Sexy Assassin Released from Prison


San Francisco (AP) -- After more than three decades behind bars, would-be Presidential assassin Sara Jane Moore was released from the Federal Correctional Institute in Dublin, California. Moore has been incarcerated since a 1975 attempt on the life of then-President Gerald Ford. Ford escaped injury when he tripped on his shoelaces as the gun was being fired. Moore was a model-turned- actress best known for her stint as the "no fruit!" lady in Total Recall. The near-assassination came two weeks after another attempt by Manson family member Lynette "Squeaky" Fromme, a mouse. Moore was released to a halfway house in the San Francisco area, so far there has been no response from Mr. Ford about the issue.

1.01.2008

CRAPPY NEW YEAR!!


DUDE! I was researching for todays post and I found this picture. Wow. They're called "confidence pants". I'll say. Damn, I'd feel 10 feet tall and bulletproof wearing that much confidence on my lap. Thats like a hardhat for your crotch...... Y'know what? I'm not gonna write anymore 'cuz I cant handle having to look at this. Lots of pictures from my day off below......Matt

Where was Amnesty International?


Just another example of Saddam Husseins infamous cruelty

I ROCK!



This is what Saddam named "The Victory Over America Palace". Seriously. For some reason it never got finished, hmmmm....... Its been sitting untouched for what? 6 years now? You know what else is funny? The roads around here are so narrow that two humvees can barely navigate them at the same time. I guess Saddam's engineers didn't think of that when they designed it. Ooopsey!

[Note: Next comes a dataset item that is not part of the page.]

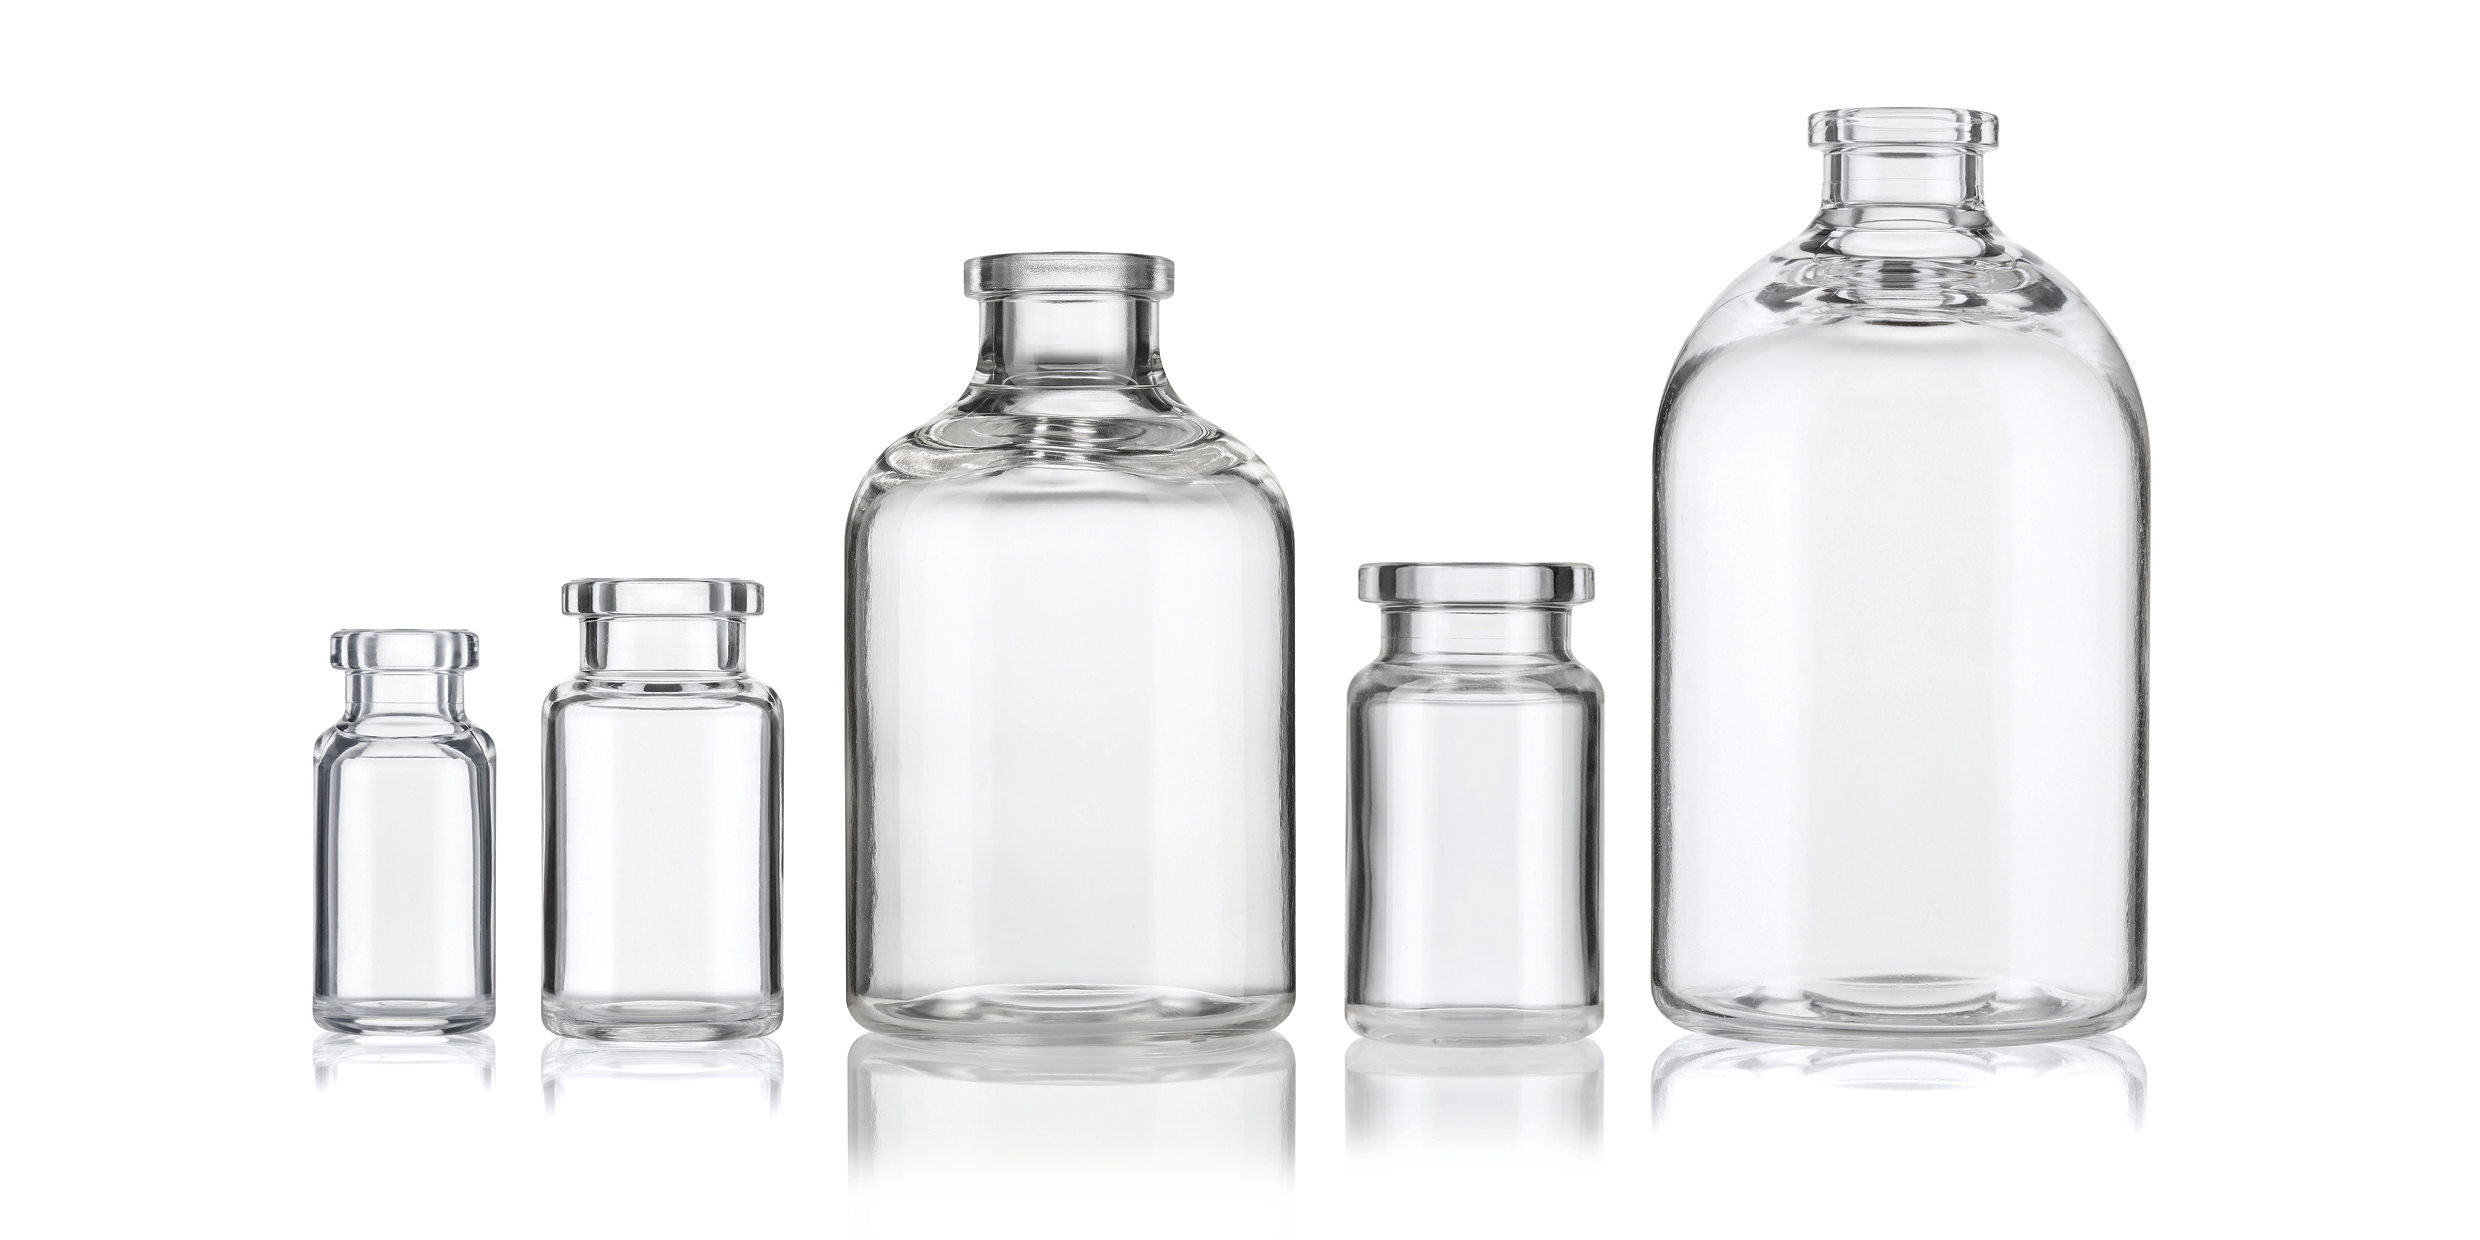 Primary Packaging Plastics - Monolayer plastic vials

Wacky Iraqis, What were you thinking??



This is 4 destroyed tanks. Why were they destroyed? They were in a circle! Those aren't wagons, silly!

Chez Mattisse


This is where I stay. Yeah, right. Camp Victory is located around a private lake by one of Saddams palaces. This is one of the guesthouses. Theres underground tunnels everywhere and even a private island where he used to torture people. Lord knows you don't want any disruptions when you're having a private torture party.